Justifications offered for the killings varied. Sometimes, being employed by the Civil Administration in the West Bank and Gaza Strip was reason enough. In other cases, contact with Jews warranted a death sentence.

Eventually, the reign of terror became so serious that some Palestinians expressed public concern about the disorder. The PLO began to call for an end to the violence, but murders by its members and rivals continued. From 1989-1992, this intrafada claimed the lives of nearly 1,000 Palestinians at the hands of other Palestinians.

The intifada appears to have been a significant factor in the decision by many Christian Arabs to leave the Middle East. Besides mob violence, the intifada was characterised by general strikes enforced by activists from the various nationalist and Islamic movements, and closures of educational institutions. Both jobs and schooling were thus severely affected, prompting many Christian Arabs to choose the emigration option. Christians became increasingly uneasy as Islamic extremists came to the fore in Judea and Samaria.

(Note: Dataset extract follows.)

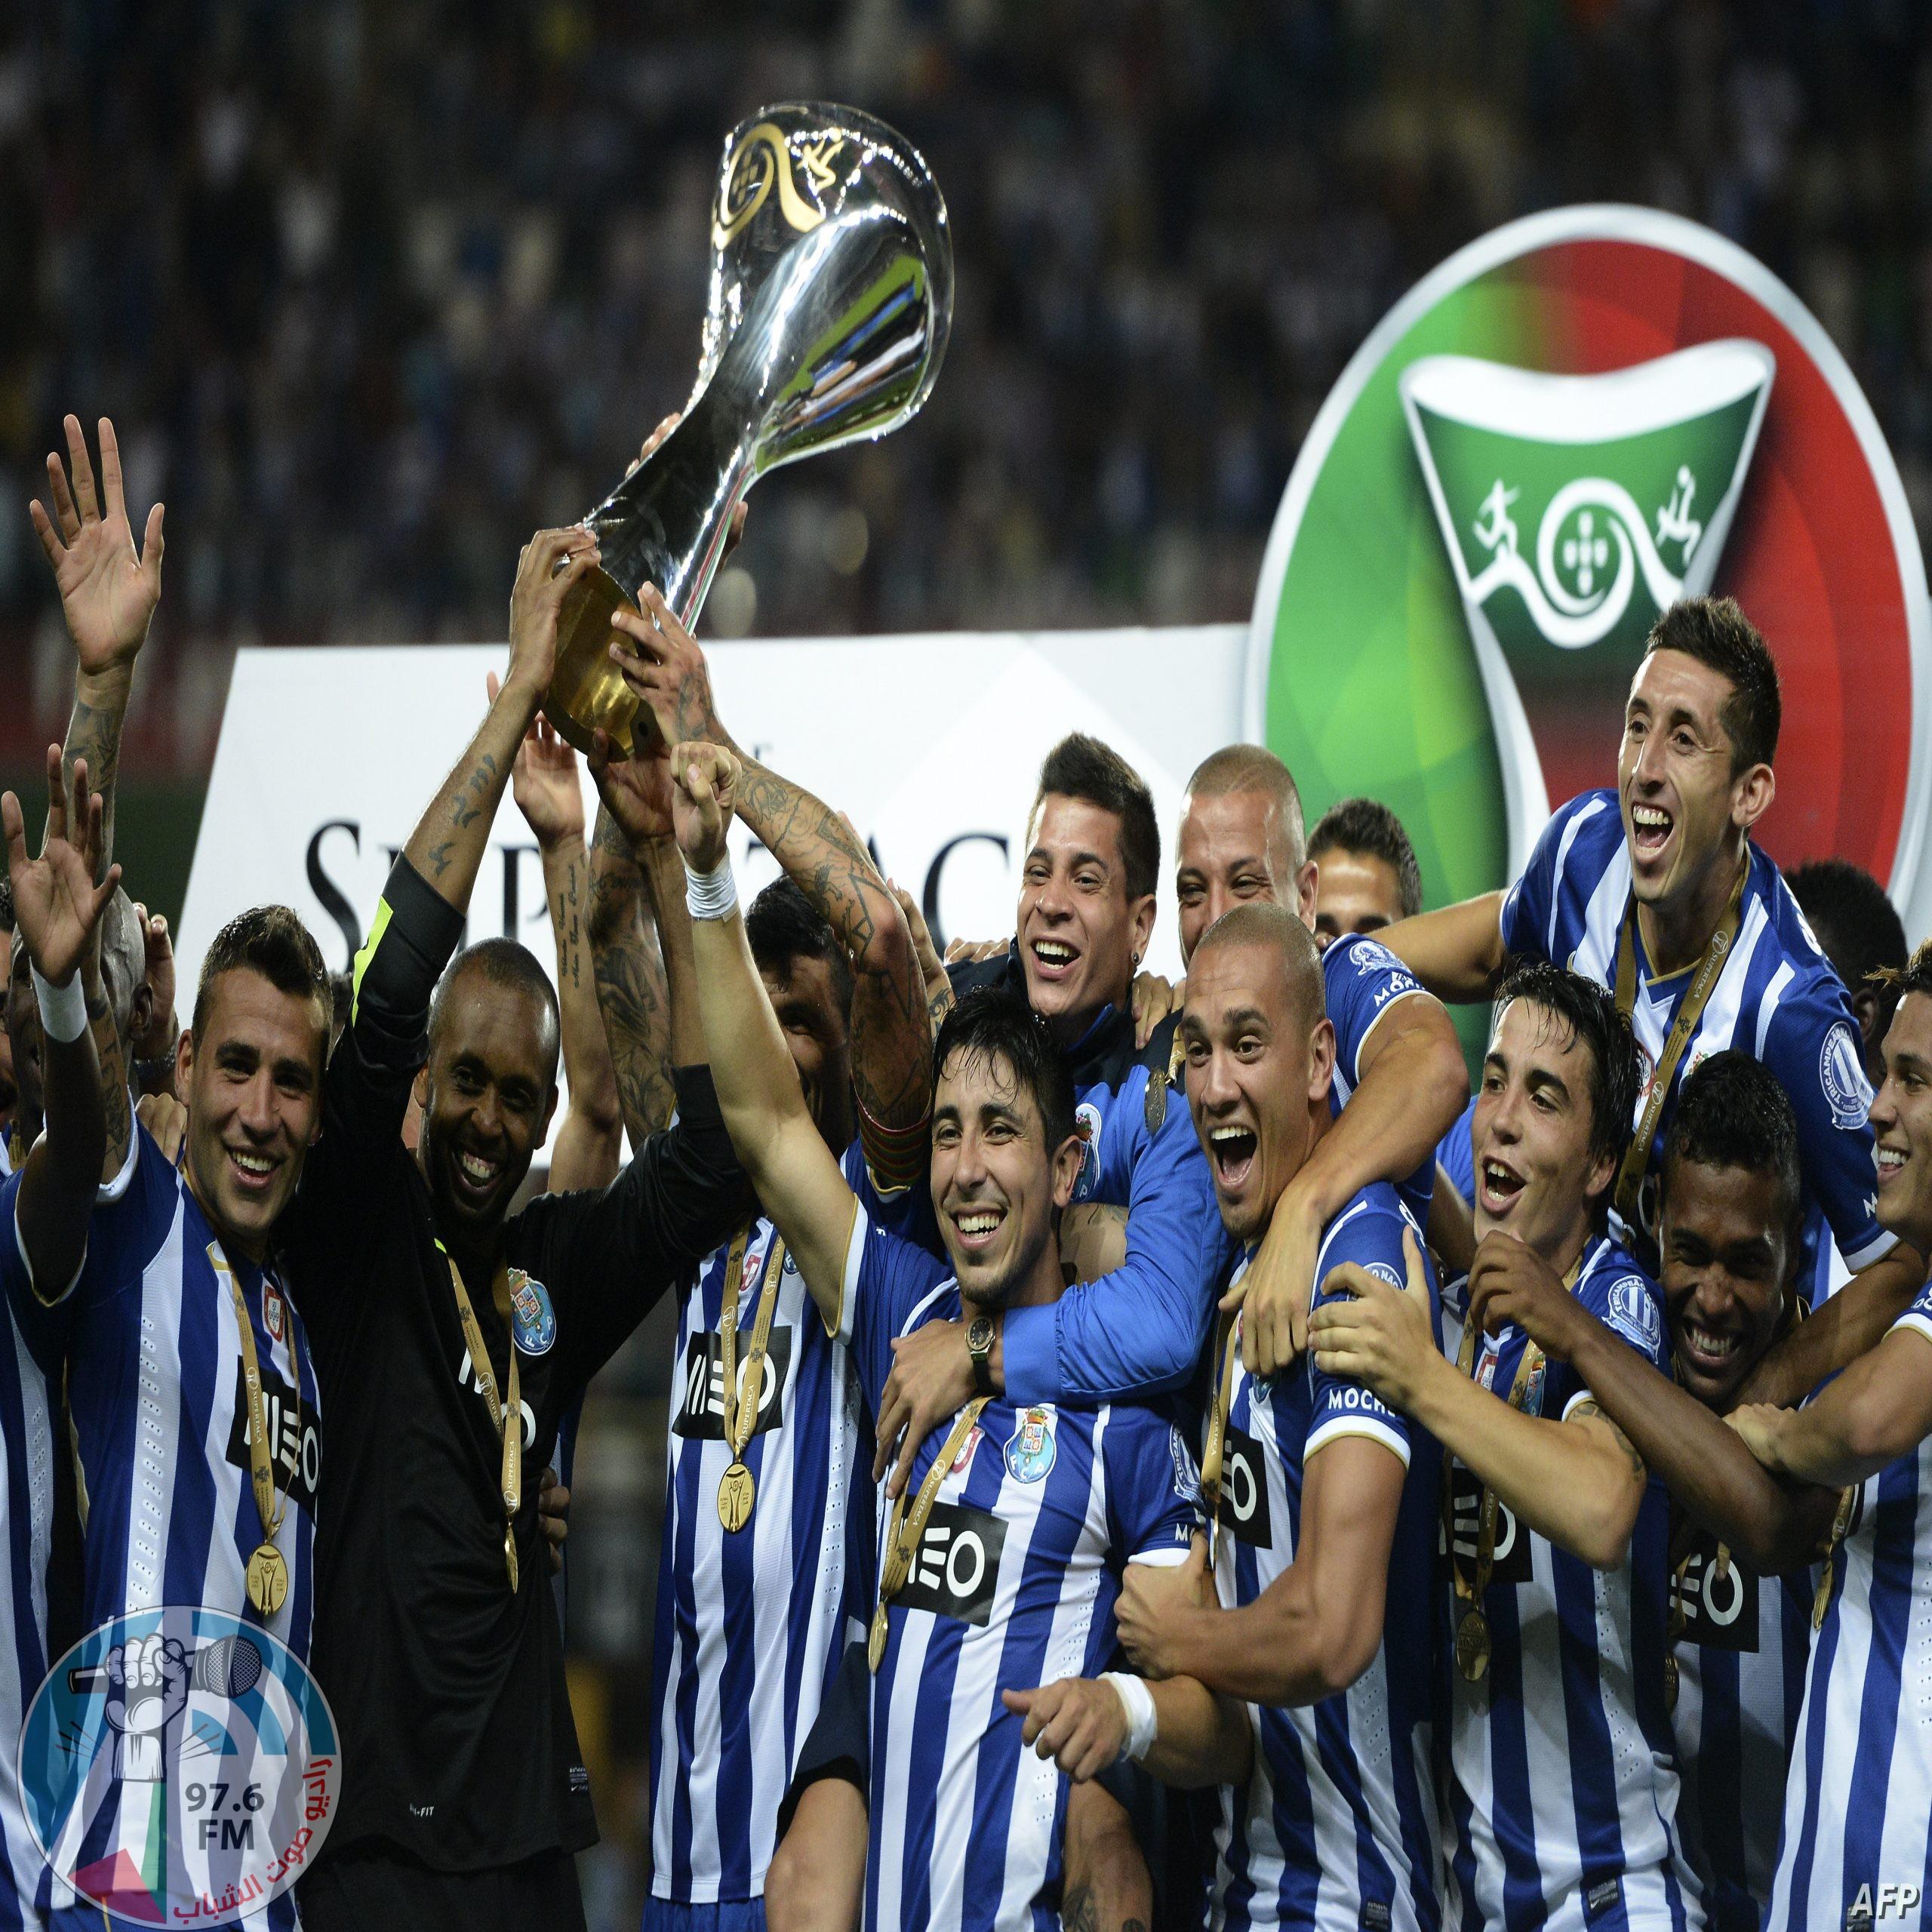 بورتو يحسم بطولة الدوري البرتغالي للمرة 29 - عالم الرياضة ...

In the first years of the Intifada international television coverage showing Palestinian civilians, many of them women, facing Israeli soldiers in full battle dress naturally aroused world sympathy, including in Israel itself, for the Palestinian cause. Prime Minister Rabin's policy, calling on Israeli soldiers to break the bones of the Palestinian demonstrators, was brutal, crude, ineffective, and finally counter-productive. It was only when he was succeeded at the Defense Ministry by Moshe Arens in 1990 that Israeli tactics became more sophisticated and more effective. By the summer of 1992 the Intifada was over - it had run out of steam and exhausted itself.

The Intifada petered out by 1992, with most of its leadership arrested. Nonetheless, it had a tremendous impact on Israeli public opinion and policy-making through the next decades. While many Israelis were outraged by the Palestinian violence and angered by the danger their family members in the IDF and in the reserves encountered in the territories, the Intifada intensified the Israeli longing for normalcy and an end to the conflict, creating a consensus for the peace negotiations through the 1990s.

For the Palestinians, the Intifada created a new cadre of leadership based in the West Bank and Gaza Strip. These youths were supporters of the PLO leadership in Tunis, but did not consider themselves accountable to them. Many of the youths most active in the Intifada, such as Marwan Barghouti, became officials in the Palestinian Authority and are today deeply engaged in directing the ongoing Palestinian violence against Israel.